Skip to content

Young Researcher Award 2013 – Wojciech Jarosz

Wojciech Jarosz received his PhD from the University of California San Diego (UCSD) in 2008, under the supervision of Henrik Wann Jensen and Matthias Zwicker. He held post-doctoral positions at UCSD and Disney Research Zurich (DRZ), before assuming his current post as a research scientist at DRZ.

Jarosz’s dissertation addressed Monte Carlo Methods for Light Transport in Scattering Media. Although this area has been studied intensively for more than twenty years, Jarosz made new contributions in two major approaches to this problem — irradiance caching and photon mapping.
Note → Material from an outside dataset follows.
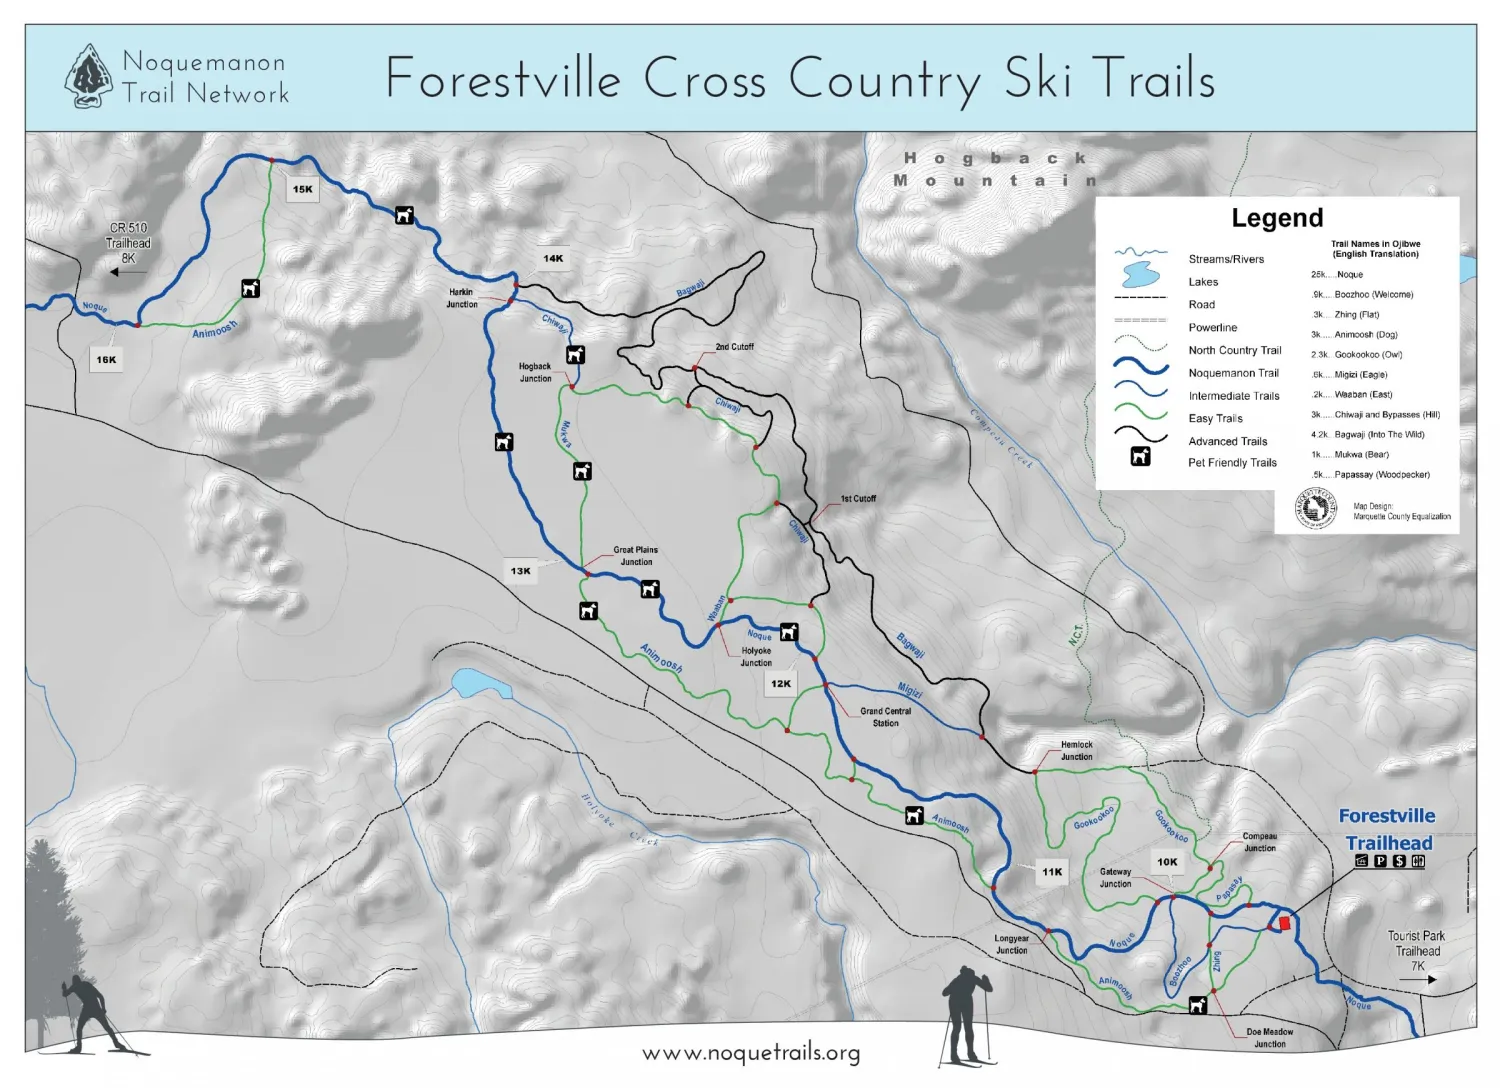 Forestville Cross Country Ski Trails

In both cases he investigated the theoretical foundations and reformulated the problem, leading to a novel caching method and an elegant photon mapping approach with vastly improved quality and performance.

Jarosz’s expertise in mathematical modeling of natural phenomena, illumination methods, Monte Carlo methods, and sampling have formed the basis of his subsequent contributions. In his continued work on scattering, he generalized volumetric photon mapping using photon beams and leveraged his new representation to improve both progressive photon mapping and many-light rendering. This work further pushed the boundaries of accurate and efficient lighting simulation in heterogeneous and anisotropically scattering media.

Beyond his development of high performance rendering techniques for participating media, Jarosz’s outstanding contributions extend to developing the theoretical foundations for rendering. In particular, his recent work on the Theory and Analysis of 2D Global Illumination stands out. Previous attempts to extend and improve illumination methods through elaborate analysis were defeated by the complexity of three dimensions. Jarosz’s 2D analysis provided new theoretical insights and resulted in an improved principled error metric for use in 3D irradiance caching. This work raises the level of sophistication of our field and points the way to possible new innovations.

Jarosz’s contributions also extend beyond rendering. He has applied his rendering expertise to fabricating real world objects with carefully prescribed light-material interactions, including objects which can refract light into a prescribed caustic, project distinct color images from different angles, and optically unscramble randomized images and animations. This work continues to bridge the gap between computer graphics and the physical world.

Eurographics is pleased to recognize Wojciech Jarosz with the 2013 Young Researcher Award.